Write: 333k QPS * 100 bytes = ~33 MB/s.

Read (Push): Highly variable based on friend density.

Blueprint

Concise Summary: A WebSocket-based architecture using Redis Geospatial for efficient proximity lookups and Redis Pub/Sub for routing updates to active sessions.

Major Components:

WebSocket Server: Maintains long-lived connections to push real-time updates to clients.

Location Service: Handles incoming GPS coordinates and updates the geospatial index.

Redis Geo Index: Stores the last known location of all active users using GEOADD.

Pub/Sub Component: Manages the distribution of location events to the relevant WebSocket servers.

Simplicity Audit: This design avoids complex batch processing (Spark) or persistent stream storage (Kafka) by using Redis as both the index and the message bus, which is sufficient for real-time proximity.

Architecture Decision Rationale:

Why this architecture?: WebSockets reduce header overhead compared to HTTP polling. Redis GEORADIUS provides O(N + log M) complexity, which is the fastest way to find nearby points.

Functional Satisfaction: Meets the real-time update and proximity search requirements.

Non-functional Satisfaction: Scalable via sharding Redis and horizontal scaling of WebSocket workers.

High Level Architecture

Sub-system Deep Dive

Service

Topology & Scaling:

WebSocket Servers: Stateless regarding application data but stateful regarding connections. Scaled horizontally based on connection count (~50k per node).

Location Service: Stateless REST/gRPC service for processing incoming coordinates.

API Schema Design:

Update Location (WS/JSON): {"type": "update", "lat": 40.7, "long": -74.0}.

Friend Nearby Alert (WS/JSON): {"type": "nearby", "friend_id": "u123", "dist": "0.5km"}.

Resilience & Reliability:

Heartbeats: Clients send ping/pong to keep WS connections alive and detect silent disconnects.

Service Discovery: Required for the Pub/Sub layer to know which WebSocket server hosts which user (usually handled by a "Location Routing Table" in Redis).

Storage

Access Pattern: Extremely high write (updates) and high read (proximity queries).

Database Table Design:

User DB (PostgreSQL): Stores user profiles and friend relationships.

Fields: user_id (PK), friend_id (FK), status (active/blocked).

Technical Selection:

Redis (Primary): Using GEOADD for writes and GEORADIUS (or GEOSEARCH) for reads.

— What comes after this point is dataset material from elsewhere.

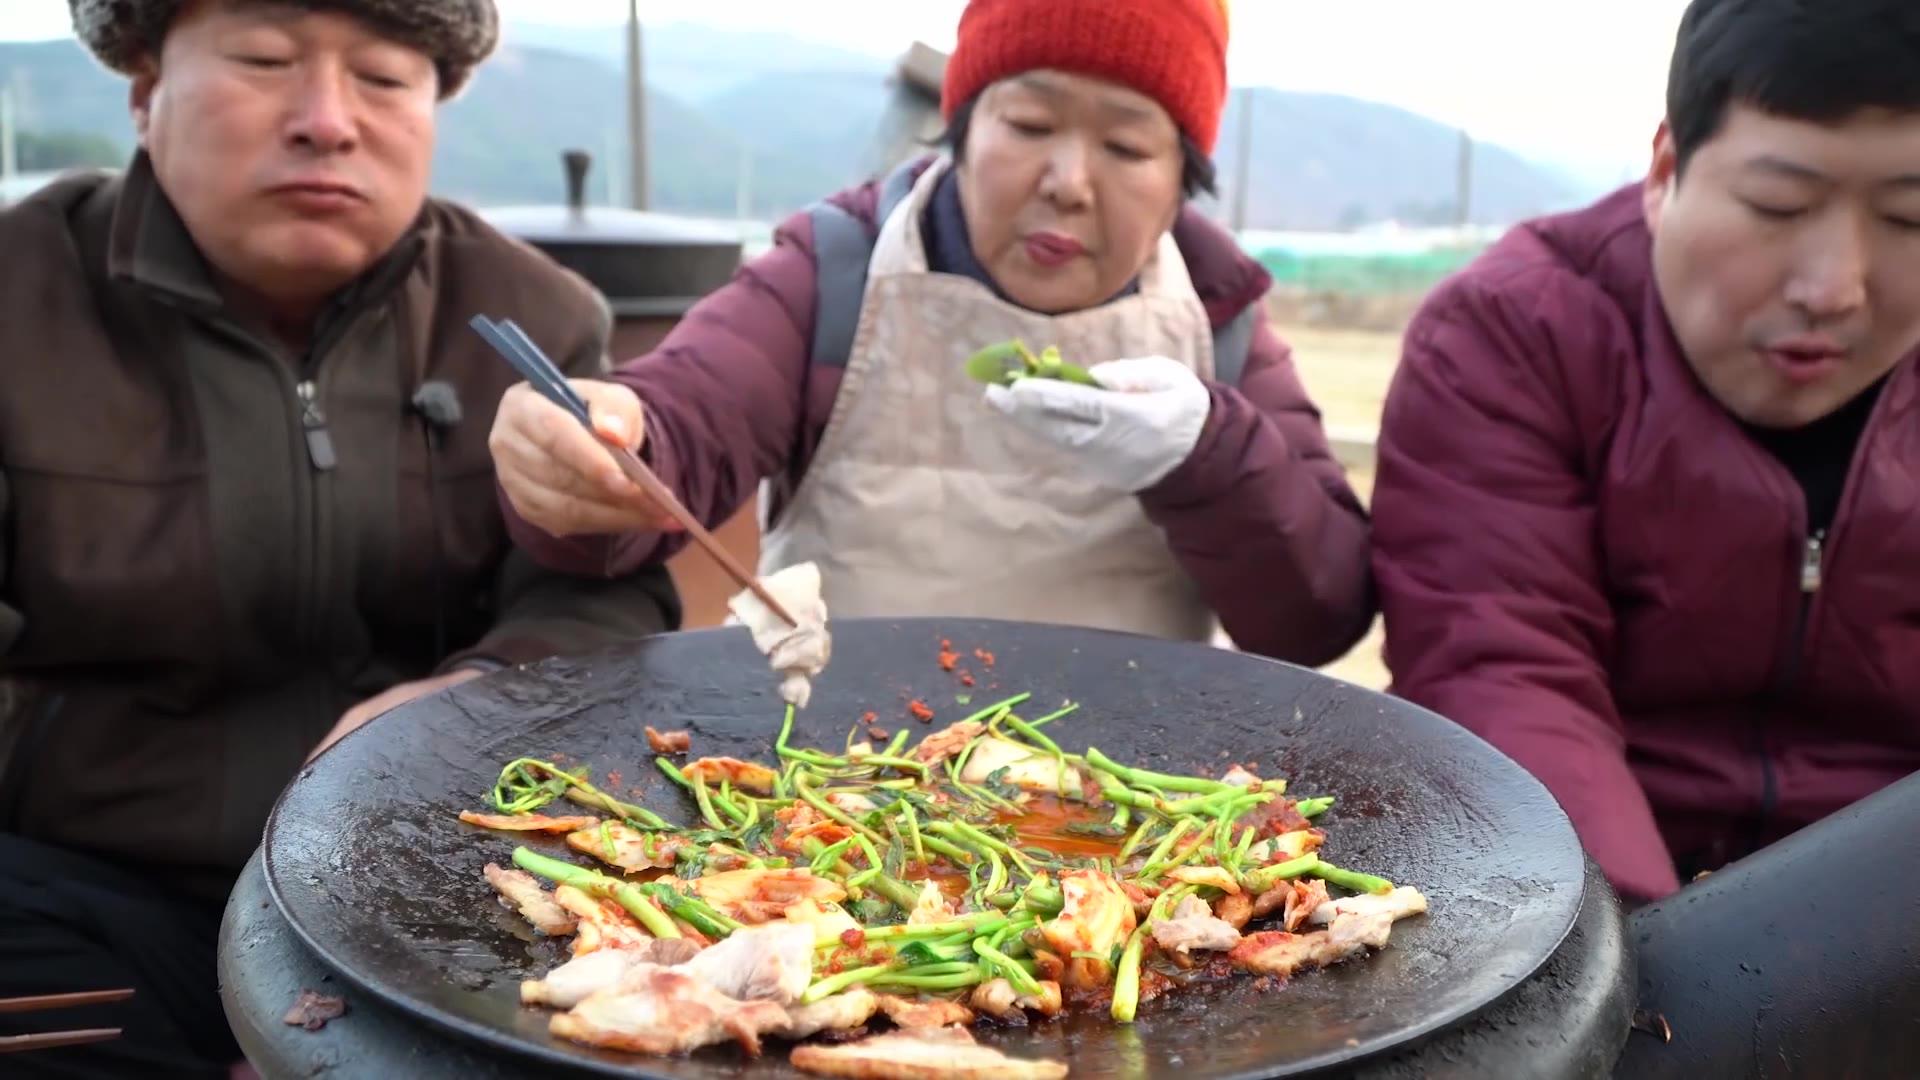 脆脆的芹菜和烤五花肉的组合,用苏子叶洋葱包上超好吃~

Rationale: In-memory speed is mandatory for 300k+ updates/sec.

Distribution Logic:

Sharding: Shard Redis by user_id for location storage, but for proximity, we shard by Geohash prefixes. This ensures users in the same geographic area are on the same shard, allowing a single query to find neighbors.

Cache

Purpose: Reducing DB hits for friendship checks.

Key-Value Schema: friends:{user_id} -> Set[friend_ids].

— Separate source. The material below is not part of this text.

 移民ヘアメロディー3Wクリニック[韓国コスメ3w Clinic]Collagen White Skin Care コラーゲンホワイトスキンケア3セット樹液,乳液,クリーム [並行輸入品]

Technical Selection: Redis (shared with Geo Index or separate cluster).

Consistency: Updated on friend request acceptance.

Messaging

Purpose & Decoupling: When User A updates their location, their ID is published to a channel.

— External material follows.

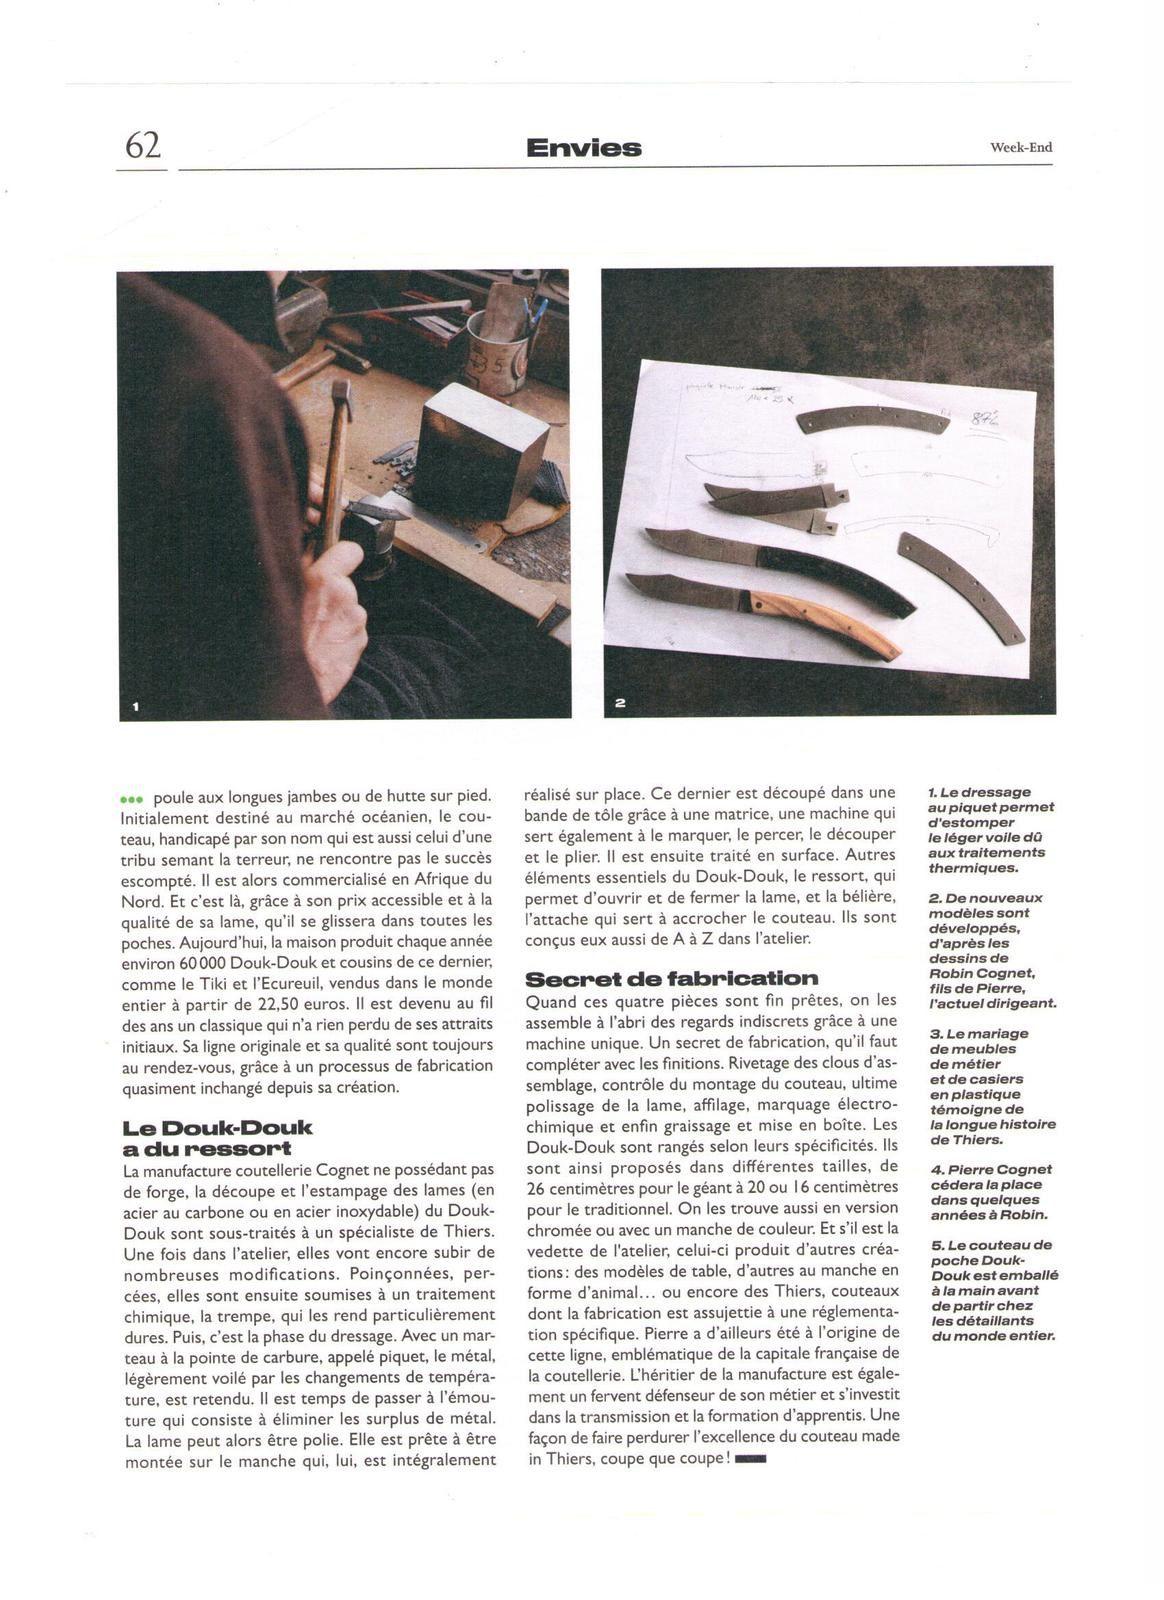 Vu et lu dans Le Parisien Weekend du 02/02/18

Topic Schema: user_updates:{user_id}.

Scaling Consumers: Each WebSocket server subscribes to the channels of the friends of the users currently connected to that server.

Failure Handling: If a message is lost, the next update (30s later) will correct the state.

Infrastructure (Optional)

Observability:

Metrics: Monitor WebSocket connection churn and Redis command latency.

Distributed Tracing: Trace a location update from Client -> WS -> Redis -> Friend WS.

Wrap Up

Advanced Topics

Trade-offs (Push vs. Pull):

Pull: Simpler server-side (stateless), but massive battery drain on mobile and high overhead for 10M users.

Push (Chosen): Efficient data transfer but requires managing stateful WebSocket clusters and complex Pub/Sub logic.

Reliability & Failure Handling:

If a Redis shard fails, we lose real-time proximity for that "cell." We mitigate this with Redis Replication (Primary-Replica).

Bottleneck Analysis:

The "Celebrity" Problem: A user with 5,000 friends moving around causes a massive spike in Pub/Sub messages. Optimization: Limit the number of friends tracked in real-time or throttle updates for high-degree nodes.

Security & Privacy:

Mutual Opt-in: The system must check the Friendship Service before broadcasting any location.

Geofencing: Users can define "Privacy Zones" (e.g., Home) where their location is never shared.